Virginia Republicans are in a slide. They have lost two straight gubernatorial elections. In November, Democrat Mark Warner picked up the Senate seat vacated by John Warner; two years before, Democrat Jim Webb ousted George Allen, the Republican incumbent. Democrats last year claimed three seats in the U.S. House from the GOP, and now control the state's delegation 6-5. Barack Obama was the first Democratic presidential candidate to carry Virginia since Lyndon Johnson. His margin was not particularly close. In 2007, Democrats took a majority in the State Senate and increased their numbers in the House of Delegates.
Virginia used to be red. Now it is at least purple and may be blue. Democrats deserve considerable credit for the trend. Today's focus falls on the GOP's self-inflicted wounds.
For the past year the so-called leadership at state party headquarters has personified much of the problem. A chairman should be a tactician, an organizer, a builder of bridges -- not an ideological and stylistic lightning rod.

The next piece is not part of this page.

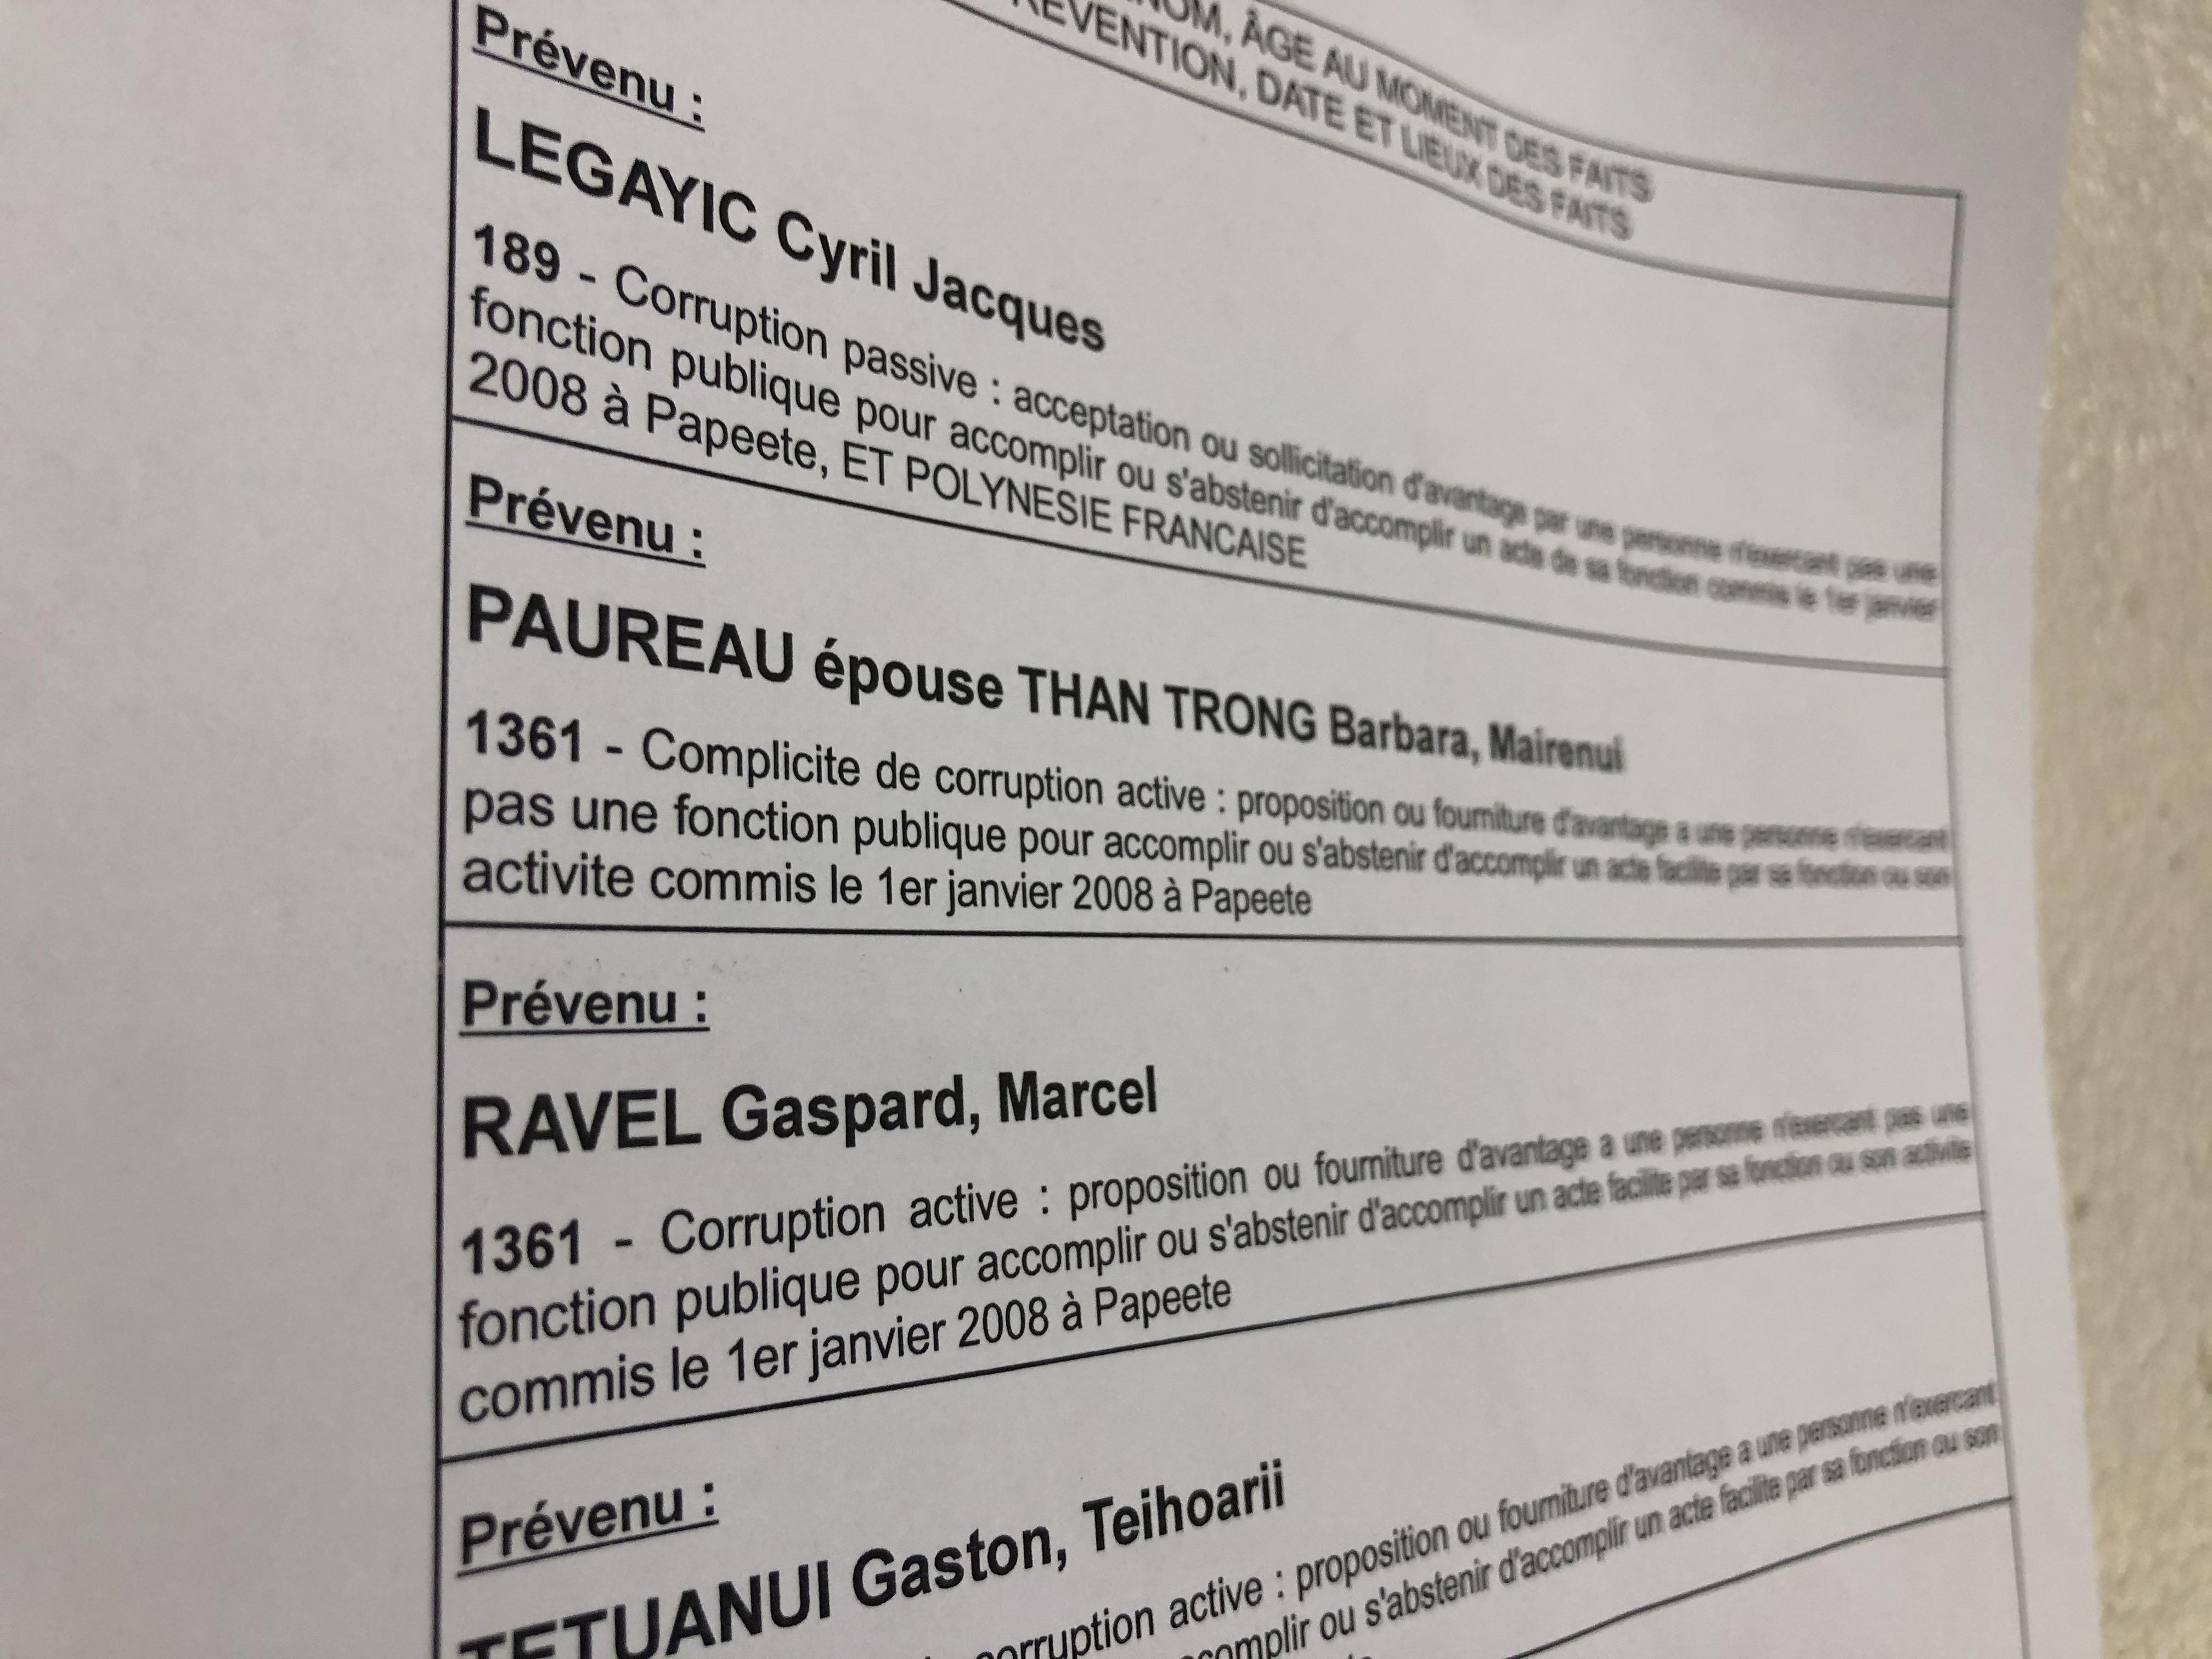 Nouveau renvoi pour l'affaire Ravel-Le Gayic

The Week's End box below includes a quotation from Newt Gingrich's speech at Randolph-Macon College. His emphasis on solutions is apt. The Virginia GOP has declined in part because the party gives the appearance it is more interested in purity than in the citizenry's real-world concerns. The depiction may or may not be accurate and certainly does not apply to all, but in politics image counts and Republicans are guilty enough to justify the electorate's skepticism.

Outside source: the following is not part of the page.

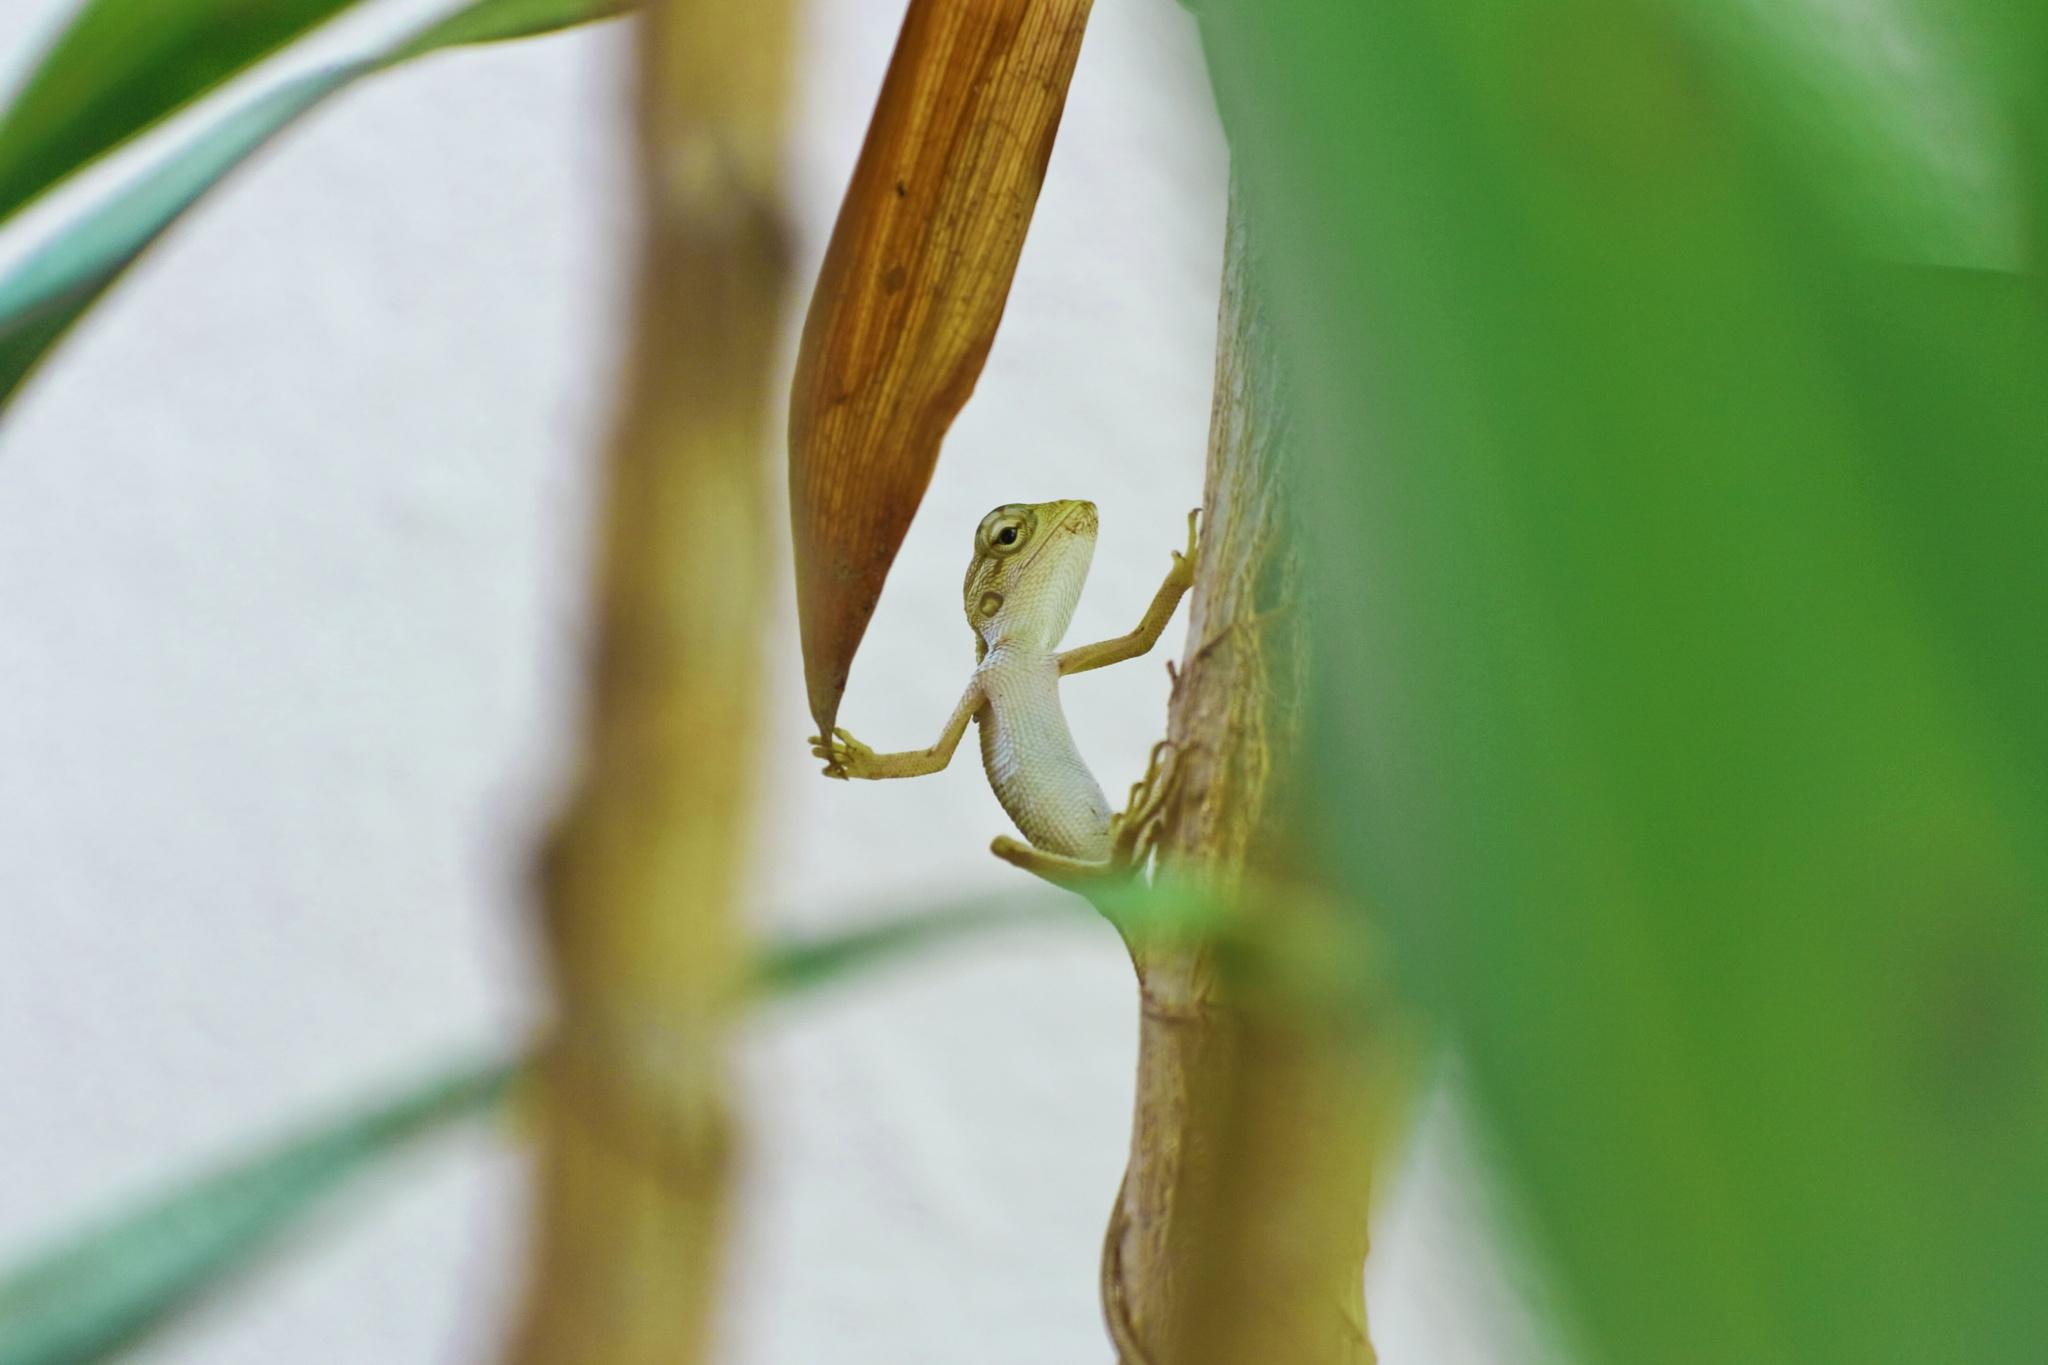 oriental garden lizard by Dineshdk

In conversations with this office, Gov. Tim Kaine and other Democrats have been far less partisan than have various leading Republicans (Kaine focuses on issues and never indulges in personal rancor); the relatively serene Assembly session suggests Republicans might be catching on; Bob McDonnell -- former attorney general and probable GOP gubernatorial nominee -- understands. He knows structural change starts at the top. We agree.